Геологи прибыли утром, в десятом часу, когда Левенков еще находился в конторе и просматривал наряды механика. Он сразу определил, кто эти люди, поначалу удивился — что им понадобилось? — но когда Челышев, коротко переговорив со старшим, отдал распоряжение коменданту поселить их в бараке, понял: никаких недоразумений тут нет, приехали по вызову, все было обговорено заранее. Понял и возмутился: инженер он или сезонный рабочий, черт возьми! Хотя бы ради приличия ввел в курс дела.

Левенков не выдержал и ворвался в челышевский кабинет, громче обычного прихлопнув за собой дверь. Тот поднял глаза и уставился на него, дескать, по делу какому или просто так заглянул? Это уж было слишком, но, как ни странно, спокойствие директора охладило и Левенкова.

— Что это за народ к нам пожаловал? — спросил он, по-домашнему присаживаясь на подоконник.

— Геологоразведка.

— Разведка?! — разыграл удивление Левенков.

— Ну да, разведка.

— Хм, странные визиты — как в гости на чаек.

— Долго-то я им не дам чаевничать, — усмехнулся Челышев. Ему, видимо, доставляло удовольствие дразнить инженера.

— У них что же, других дел нету? Могли бы и спросить: нужны ли они нам.

Каждому было ясно, что геологоразведка без необходимости не приедет — не время для прогулок — и уж тем более без вызова. Деваться директору было некуда.

— Нужны, вот и вызвал, — ответил он коротко.

— Вызвали? Когда же это, не помню.

— В марте еще. Не хотел тебя беспокоить, дергать по мелочам.

Он имел в виду болезнь Натальи, смерть, похороны… Объяснение хотя и неискреннее — Левенков это видел, — но внешне правдоподобное.

— И какая нужда в разведке?
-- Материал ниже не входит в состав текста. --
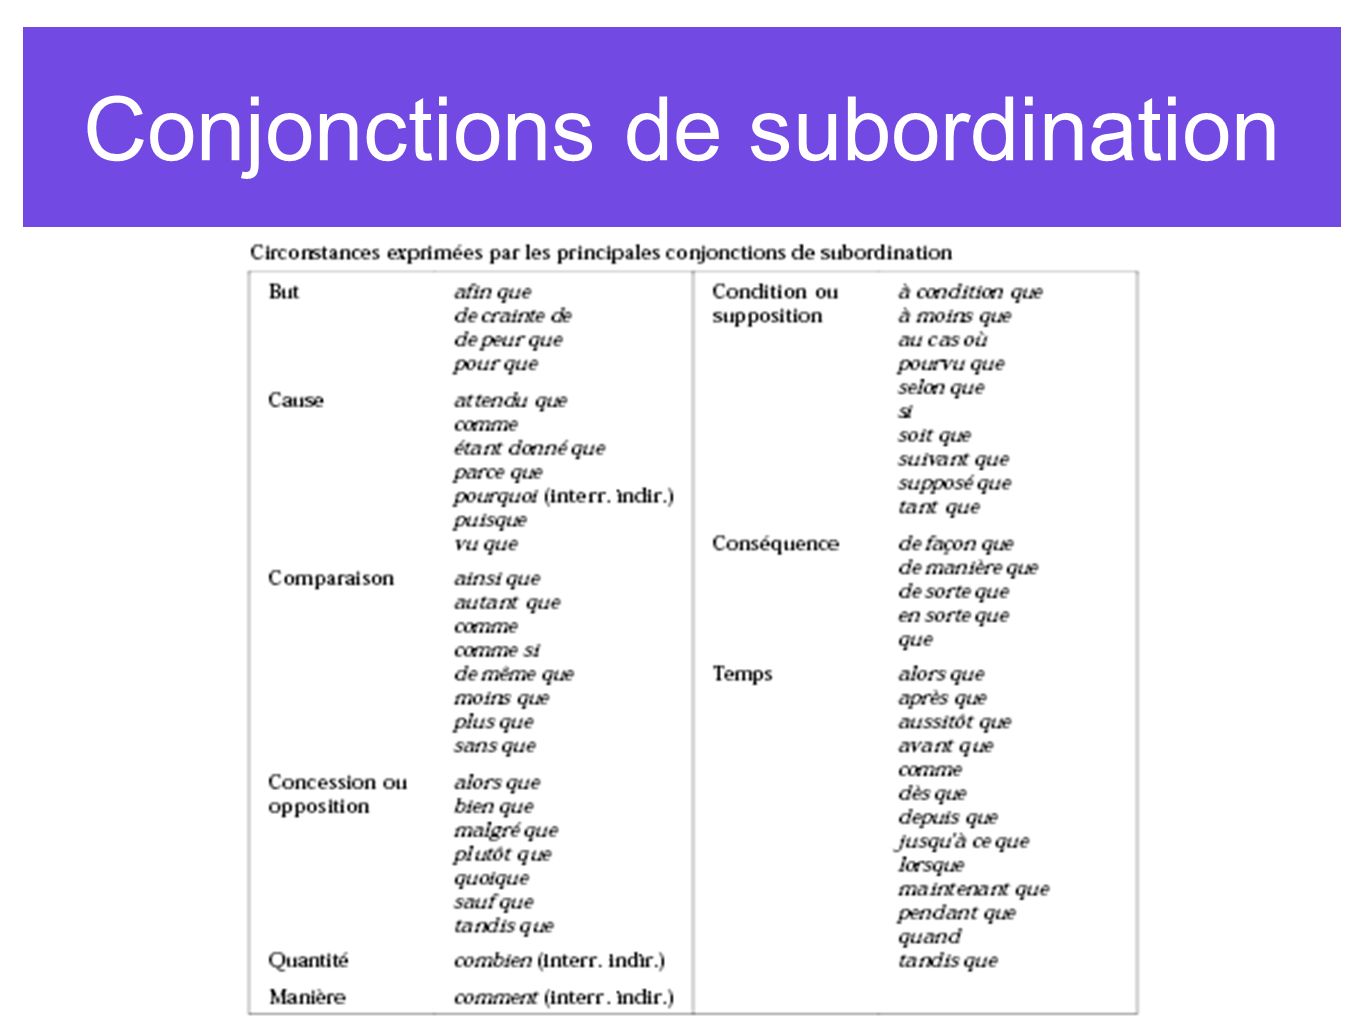 Conjonctions de subordination
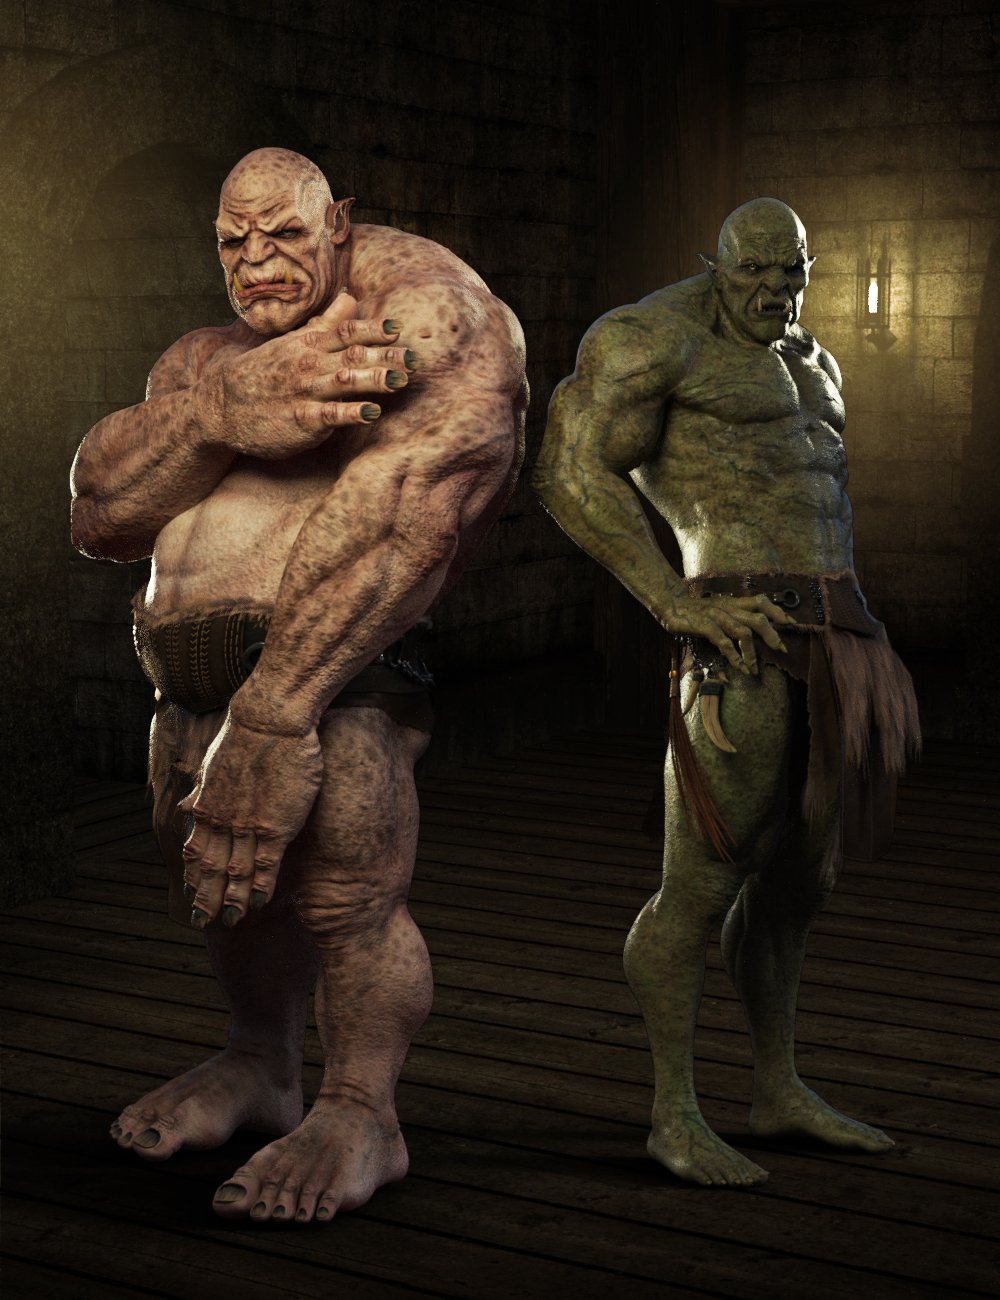 Ogre HD for Genesis 8 Male by: Josh Crockett, 3D Models by Daz 3D

До леса еще далеко — лет на пять хватит.

— Надо же нам когда-то определить свои запасы. Пускай посверлят землю, составят карты. Говорят, были эти карты, да в войну утеряны. Чего же мы вслепую, как кроты… Не видно перспективы, та-аскать, — улыбнулся он, отбив пальцами по столу дробь, словно подчеркивая несерьезность всего этого разговора и своих объяснений — так, болтовня между делом, вроде перекура.

— А я уж подумал было: пожар, — улыбнулся и Левенков.

— Какой еще пожар?

— Да спешка — не опоздать бы. Снег только стаял, грязь кругом. Можно было и до лета подождать.

— Эге-е, летом их дозовешься, как же! Момент, Сергей Николаевич…

Объяснения Челышева выглядели убедительными, и Левенков засомневался в своих подозрениях. Может, и вправду все так и есть: не хотел тревожить (действительно, во время болезни Натальи и потом, после похорон, он не беспокоил его никакими служебными вопросами), поторопился вызвать геологоразведку, пока была возможность?

«Подозрительным становлюсь. Нехорошо». И все же что-то мешало ему поверить директору. Уж слишком наигран, неискренен их разговор, что-то здесь не то. Ну да ладно, через недельку все прояснится, результаты разведки сами покажут.

Челышев закурил свою «казбечину» и засобирался:

— Ну, пойду покажу им свою территорию, та-аскать.

«Вотчину — будет точнее», — подумал Левенков, поднимаясь с подоконника.

— Ты побудь в конторе пока — надо представить. Займешься с ними эти дни, я завтра собираюсь в управление.

— А что ими заниматься? Пусть работают.

— Ну мало ли что…

Левенков так и не понял — то ли Челышев как бы извиняется за допущенную нетактичность, поручая ему заниматься геологами, то ли хочет отстраниться от участия в этом деле, то ли ему действительно нужно в управление (о целях своих поездок в Гомель он никогда не сообщал, лишь ставил в известность: надо съездить).

Его подозрения оказались не напрасными. Уже на третий день разведки выяснилось, что за рабочим карьером, в сторону леса, трехметровый пласт резко утоньшается до метра, потом до полуметра и сходит на нет. Дальше к березовой роще по всему пустырю — песок. Для всех заводчан это было неожиданностью. Глины в рабочем карьере хватало месяца на два-три, значит, за этот срок необходимо — кровь из носа — развернуть фронт работ в другом направлении: вскрыть новый карьер, проложить к нему узкоколейку, провести электричество, перенести лебедку, перегнать экскаватор и — само собой — накатать хоть какую-то дорогу. Правда, если поднатужиться, времени для этого хватало.